In every culture there exist preconceived and fixed beliefs - hidden biases that inform the worldview of the population - the forest that hides the trees. Here are a few examples: Women are not smart enough to vote; Slavery is OK, because black people are just soulless animals; Child labor is a valid economic necessity. These suppositions seem absurd to us today, but not that long ago they were accepted as facts, and very few people questioned them. One of the hidden cultural biases we are suffering from now is the (false) belief that MD directed allopathic medicine is the only valid system of medicine in the world, and that all other systems of medicine are inferior (read: ‘alternative’) to it. Cultural conditioning, misleading PR campaigns, and business affiliations between pharmaceutical companies, legislators, medical schools, medical insurance providers and hospitals have had us hog-tied to the MD-As-King belief for over 100 years. You may like to think that you are immune from this type of thinking, but when push comes to shove, if you become afflicted with a serious or painful illness, like Pavlov’s dog salivating at the sound of the bell, you will most likely run to your local neighborhood MD for help – even though the odds are strong that the medicines he/she prescribes will only manage your condition, not cure it, and will ultimately hurt you. It is about time that we all collectively “snapped-out-of-it” as the saying goes.

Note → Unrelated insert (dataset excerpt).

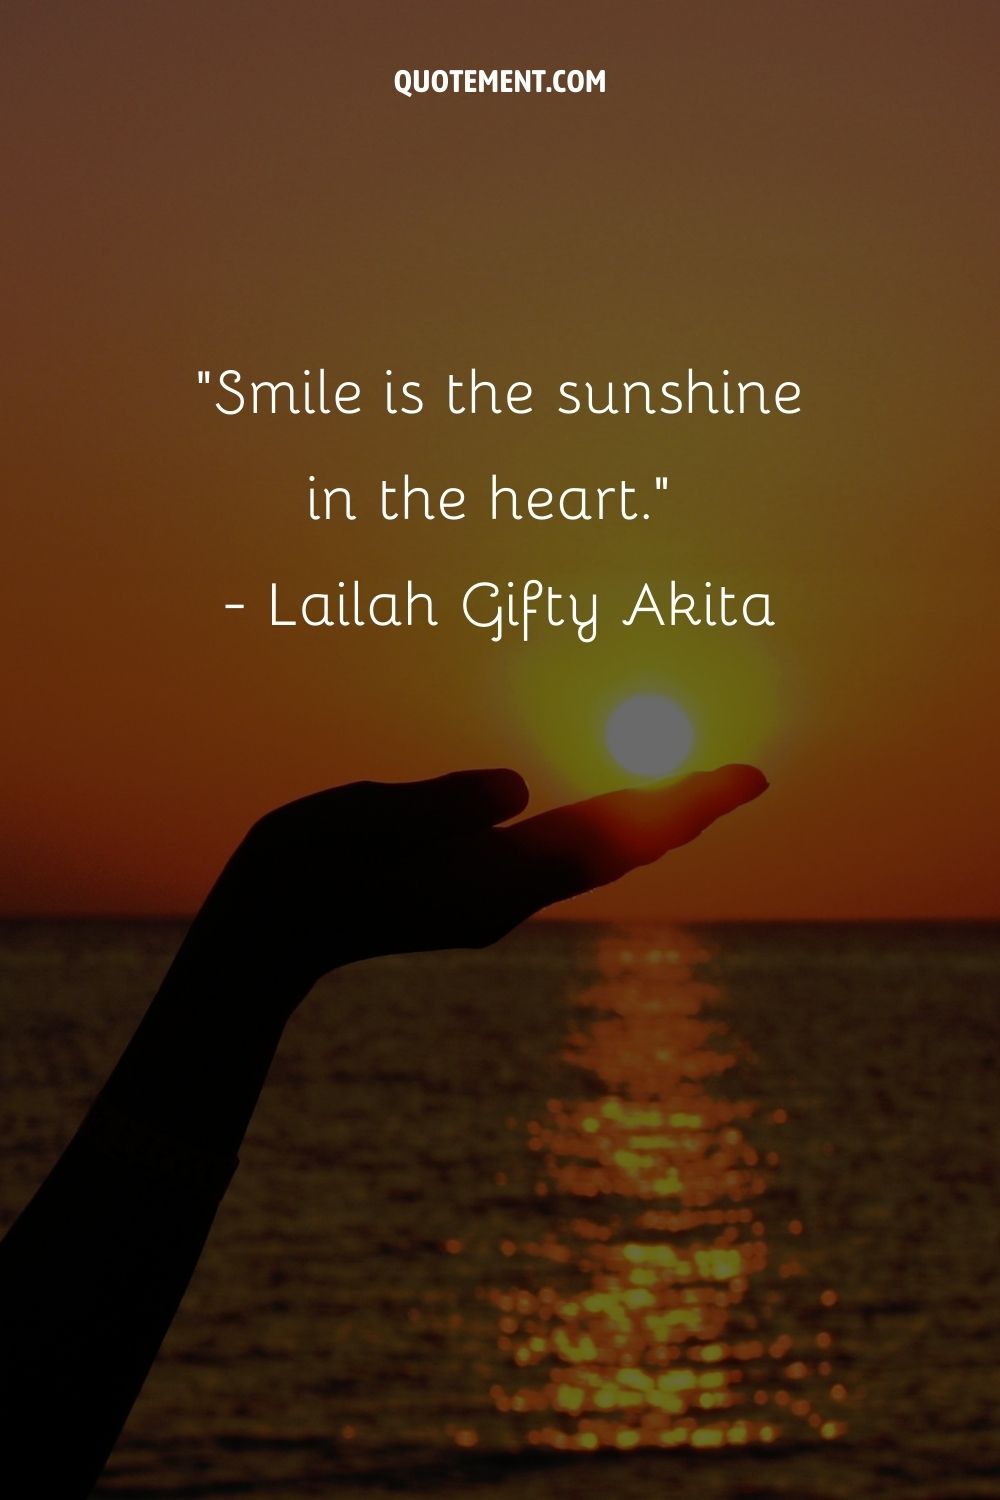 Smile is the sunshine in the heart

This book is divided into 3 parts. Taken as a whole it is designed to help you “snap out of” your false belief in the superiority of the MD method; and to become the hero of your own health recovery. The first book of this trilogy pulls back the curtain on the evolution of the medical monopoly and outlines the distinctions between what I and my colleagues do and what the MDs do. You need a clear perspective on the philosophies and treatment strategies of each of them in order to make an informed choice regarding your health. The second book is a deepdive of sorts into the nature of the healing process itself. The third book is a self-help-healthrecovery resource, outlining treatment protocols which are the result of over 3 decades of my clinical work (and centuries of my colleagues’). Because these are all very heady subjects, and because all throughout this book I am attempting to dissuade you from “wrong-thinking”, I will also attempt to make you laugh. Laughter helps the brain to reset itself. From the proper perspective, everything becomes crystal clear. Let’s begin.
If you are wearing a seatbelt, I would tighten it right about now.